Weitergabe des Entlassungsberichtes durch die Klinik
Für eine Kontaktaufnahme der Reha-Einrichtung mit den Arbeitgebenden oder Betriebsärztinnen und -ärzten ist das Einverständnis der betroffenen Rehabilitandinnen und Rehabilitanden erforderlich. Auch die Weitergabe des Entlassungsberichtes durch die Einrichtung an Betriebsärztinnen bzw. -ärzte muss von Rehabilitandinnen und Rehabilitanden erlaubt werden. Sie können ihr Einverständnis verweigern.
Des Weiteren ist gegenüber Arbeitgebenden und Dritten sensibel mit den Sozialdaten der Rehabilitandinnen und Rehabilitanden umzugehen.
Was sind Berufsprofile?
Im Unterschied zu Arbeitsplatzbeschreibungen enthalten Berufsprofile
- allgemeine Informationen zu Aufgaben
- Informationen zu erforderlichen Kompetenzen
- Informationen zu Arbeitsbedingungen eines bestimmten Berufsbilds.
Im Internet sind Berufsprofile zum Beispiel zu finden in der Datenbank BERUFENET der Bundesagentur für Arbeit.
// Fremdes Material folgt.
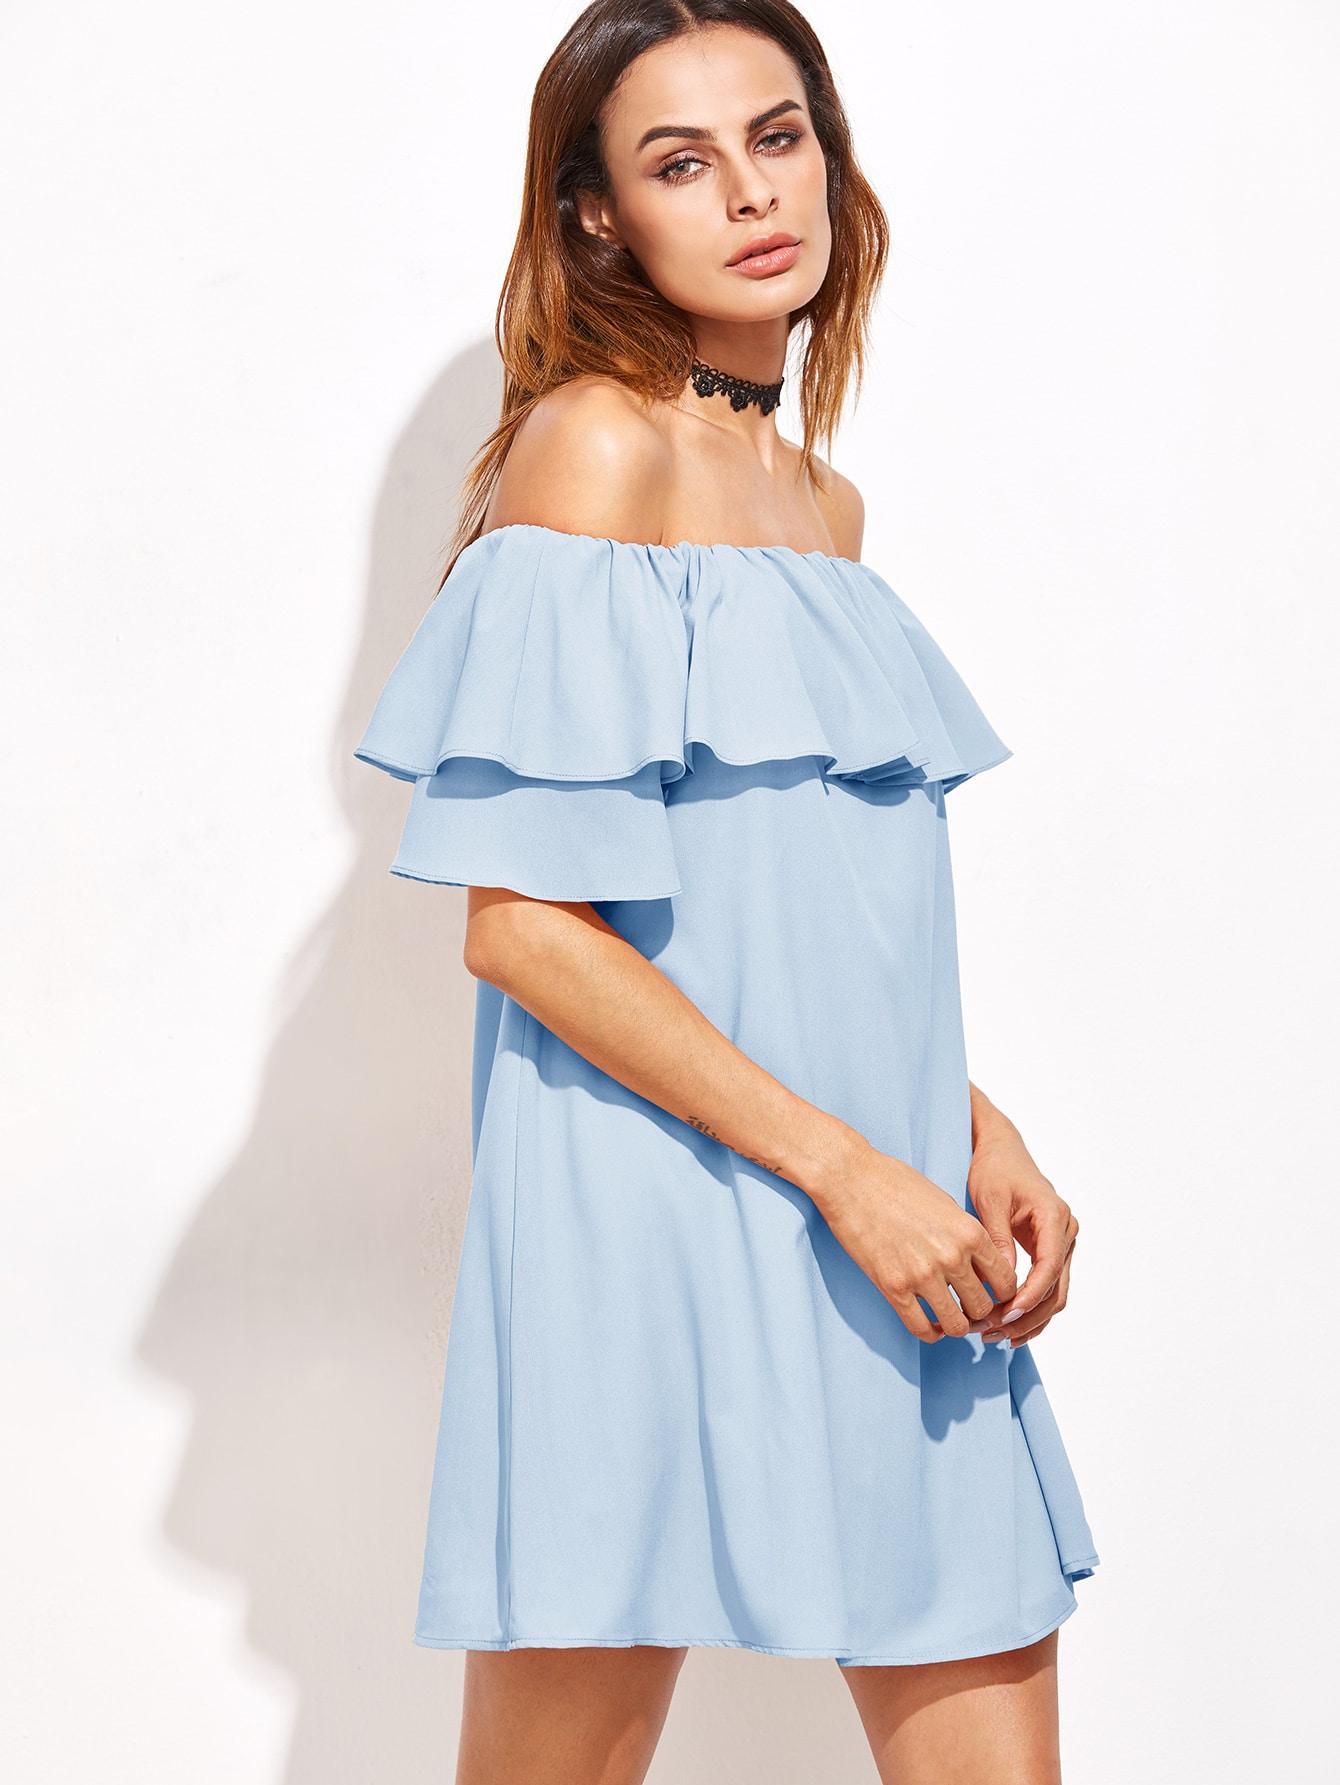 dress161006479_2

Kompetente Ansprechpersonen für neue Berufsbilder finden Sie auch bei den regionalen Berufsförderungswerken und Berufsförderzentren.
Berufsprofile können als Hinweise für mögliche Maßnahmen zur Teilhabe am Arbeitsleben hilfreich sein, v.a. für die folgenden Gruppen:
- Bei Rehabilitandinnen und Rehabilitanden, bei denen die Arbeitsfähigkeit in der zuletzt ausgeübten Tätigkeit oder dem Beruf nicht mehr eintritt, können Berufsprofile Anhaltspunkte für Maßnahmen beruflicher Anpassung und Weiterbildung sowie betrieblicher Qualifizierung darstellen.
- Wenn Schülerinnen und Schüler oder Auszubildende aus gesundheitlichen Gründen einen sog. leidensgerechten Ausbildungsberuf erst noch erlernen bzw. in einen wechseln müssen, können Berufsprofile der beruflichen Orientierung (beruflicher Ausbildung) dienen.
Berufsprofile können auch hilfreich sein
- für die Gestaltung klinikinterner Übungsarbeitsplätze für Rehabilitandinnen und Rehabilitanden,
- als Grundlage für ein strukturiertes Interview mit Rehabilitandinnen und Rehabilitanden zu den individuellen Anforderungen am Arbeitsplatz sowie
- als Basis für eine näherungsweise Diagnostik bei Rehabilitandinnen und Rehabilitanden ohne Arbeitsplatz (z.B. bei Arbeitslosigkeit).
In Deutschland gibt es darüber hinaus keine umfassende Datenbank zu den Charakteristika von Berufen bzw. Tätigkeiten, eine solche ist jedoch für die USA vorhanden (Occupational Information Network, O*NET; Förderer: US-Arbeitsministerium/U.S. Department of Labor). Die dort vorhandenen Angaben können ggf. in modifizierter Form als Ausgangspunkt für die Erfassung arbeitsplatz- bzw. tätigkeitsbezogener Informationen herangezogen werden.